Dataset extract >>
= = =
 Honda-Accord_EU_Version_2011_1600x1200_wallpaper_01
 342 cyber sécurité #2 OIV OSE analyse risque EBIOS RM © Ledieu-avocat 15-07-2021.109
= = =
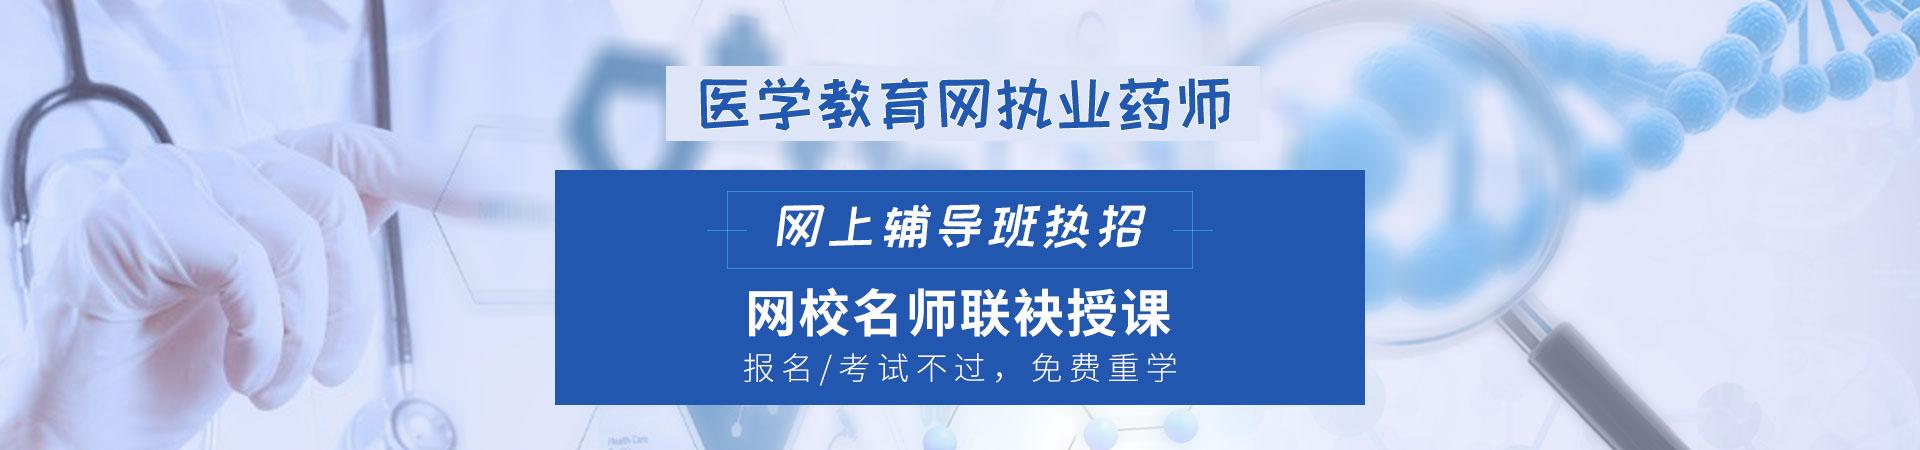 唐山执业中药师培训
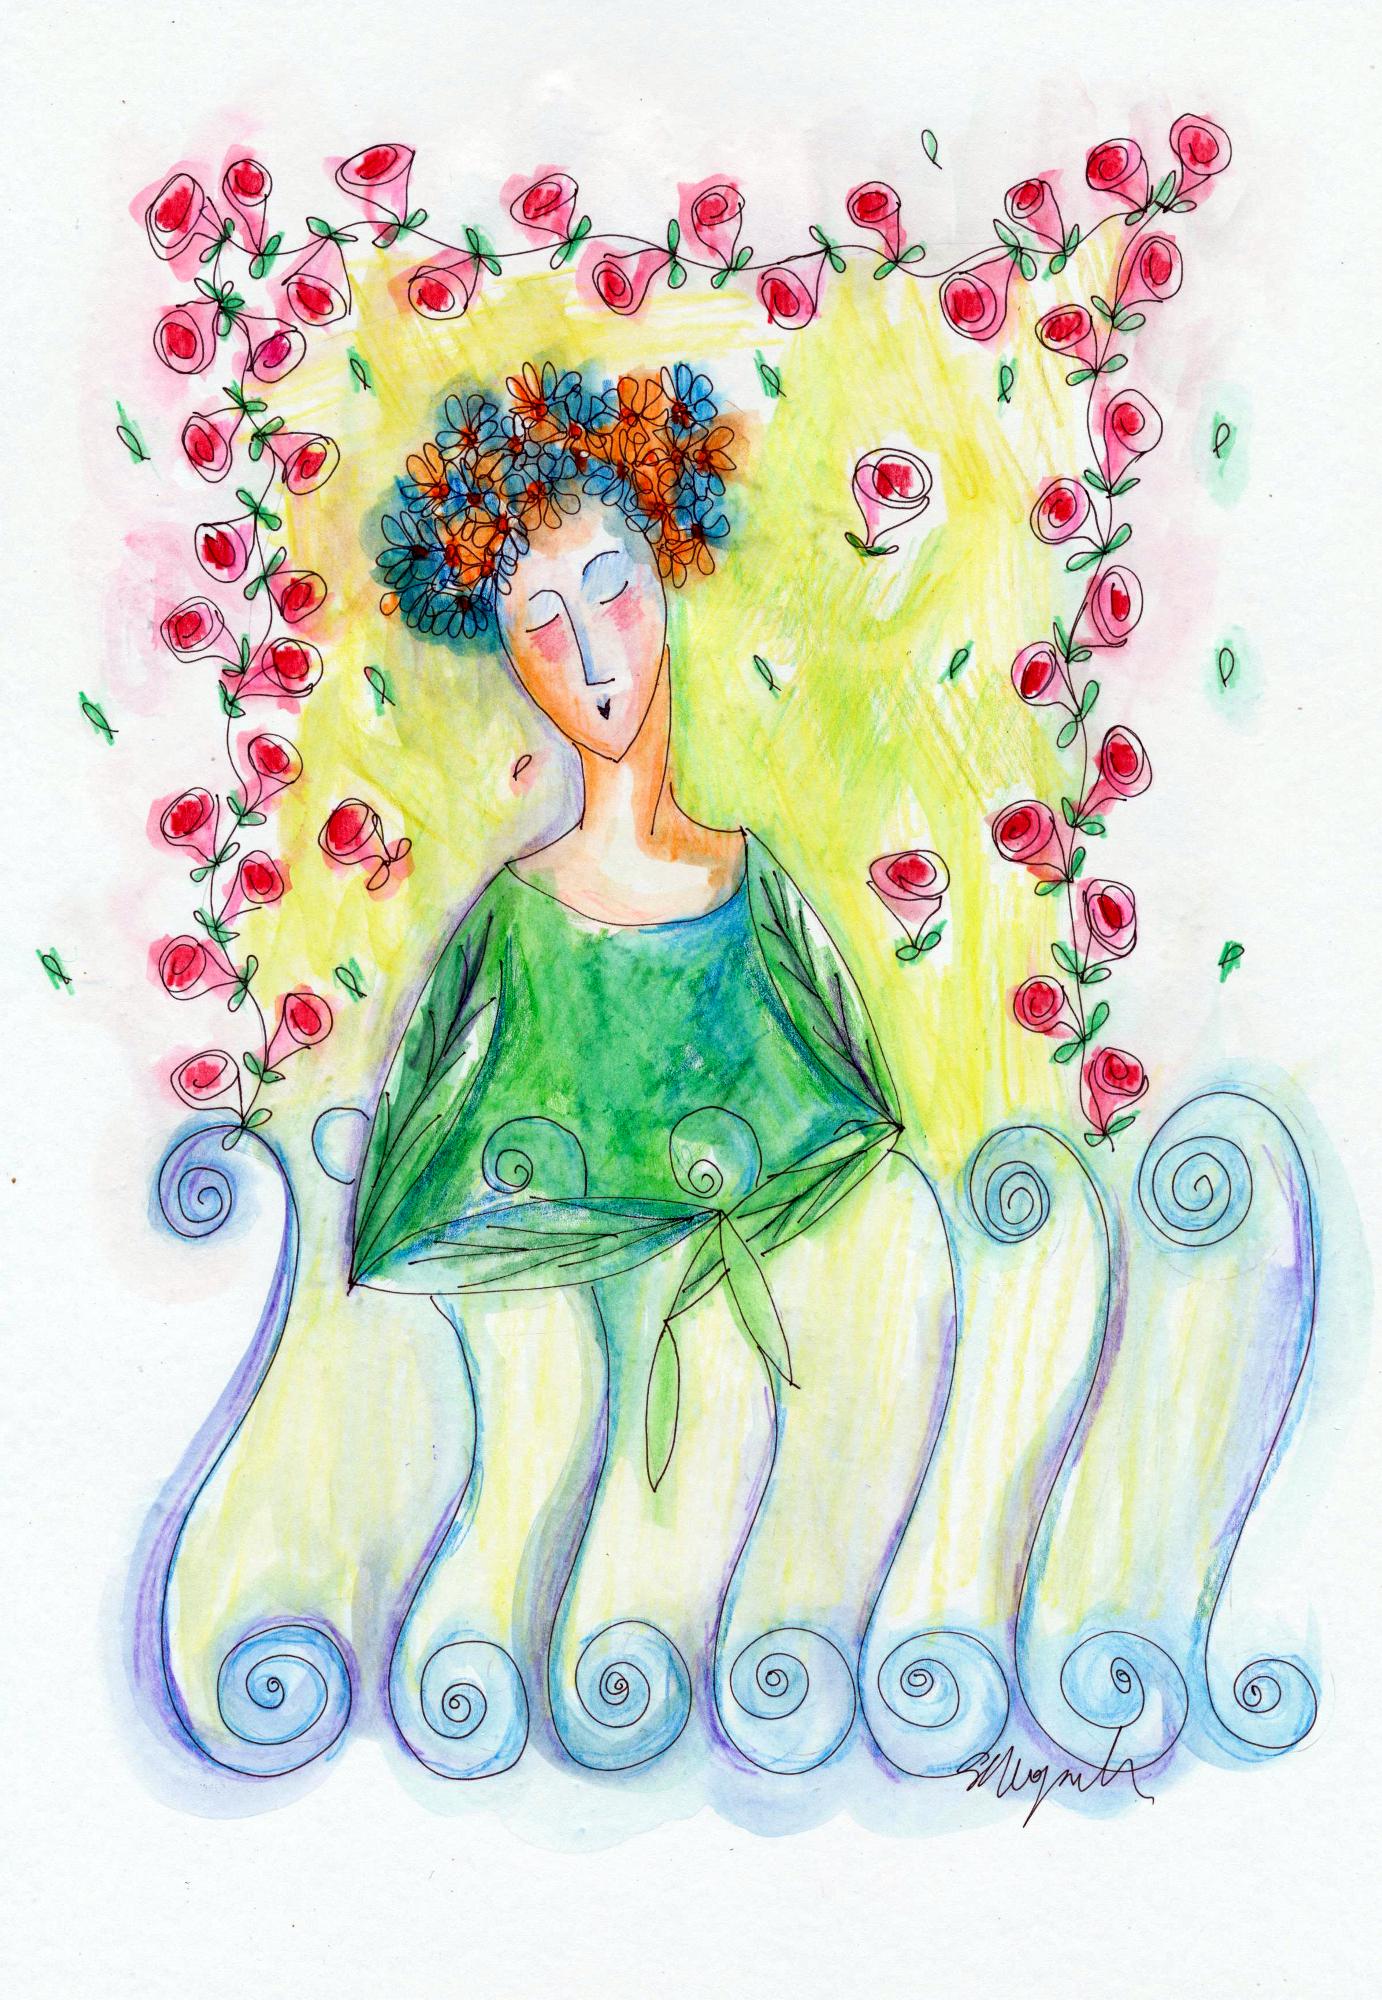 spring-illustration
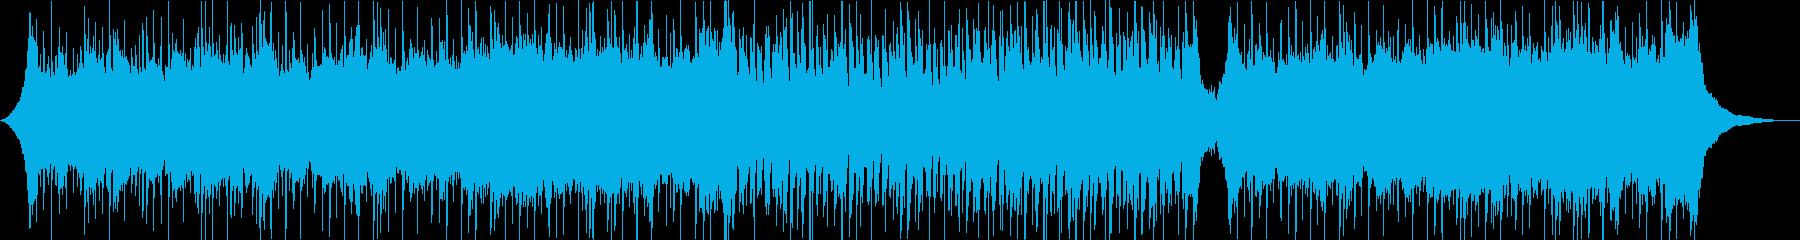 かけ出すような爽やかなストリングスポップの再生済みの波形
= = =
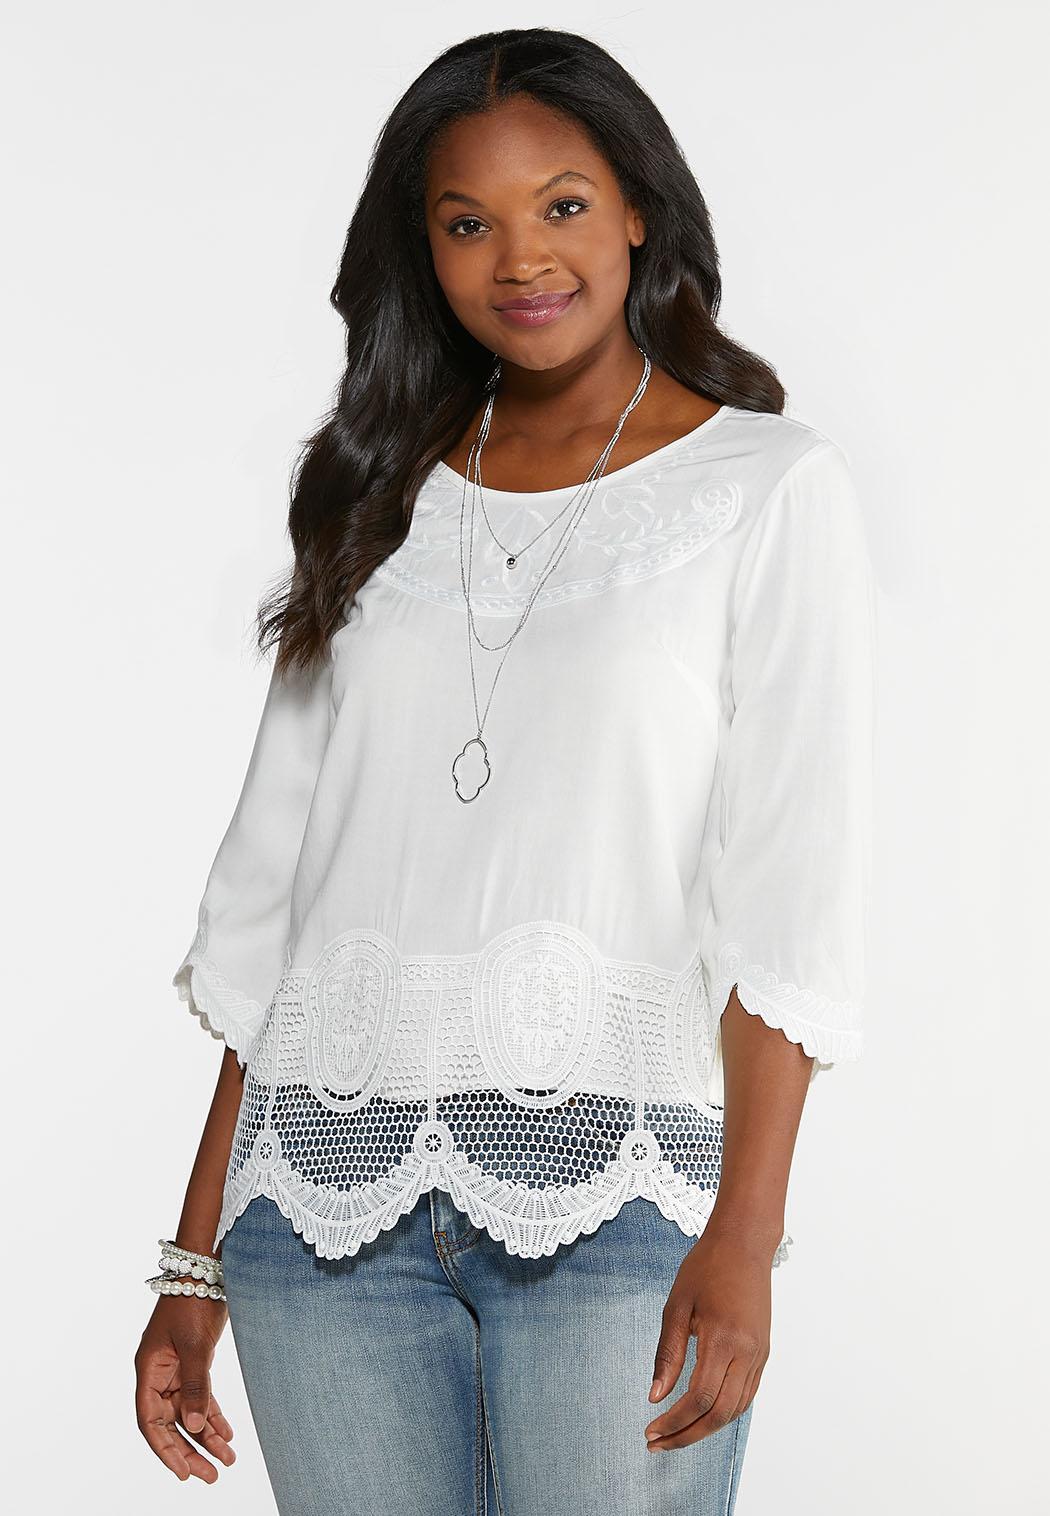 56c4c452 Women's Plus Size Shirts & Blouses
= = =
The task >> Only the lines above starting at the one containing "Honda-Accord_EU_Version_2011_1600x1200_wallpaper_01" and ending at the one containing "342 cyber sécurité", both included, are to be returned, exactly as they read.

Written solution >>
 Honda-Accord_EU_Version_2011_1600x1200_wallpaper_01
 342 cyber sécurité #2 OIV OSE analyse risque EBIOS RM © Ledieu-avocat 15-07-2021.109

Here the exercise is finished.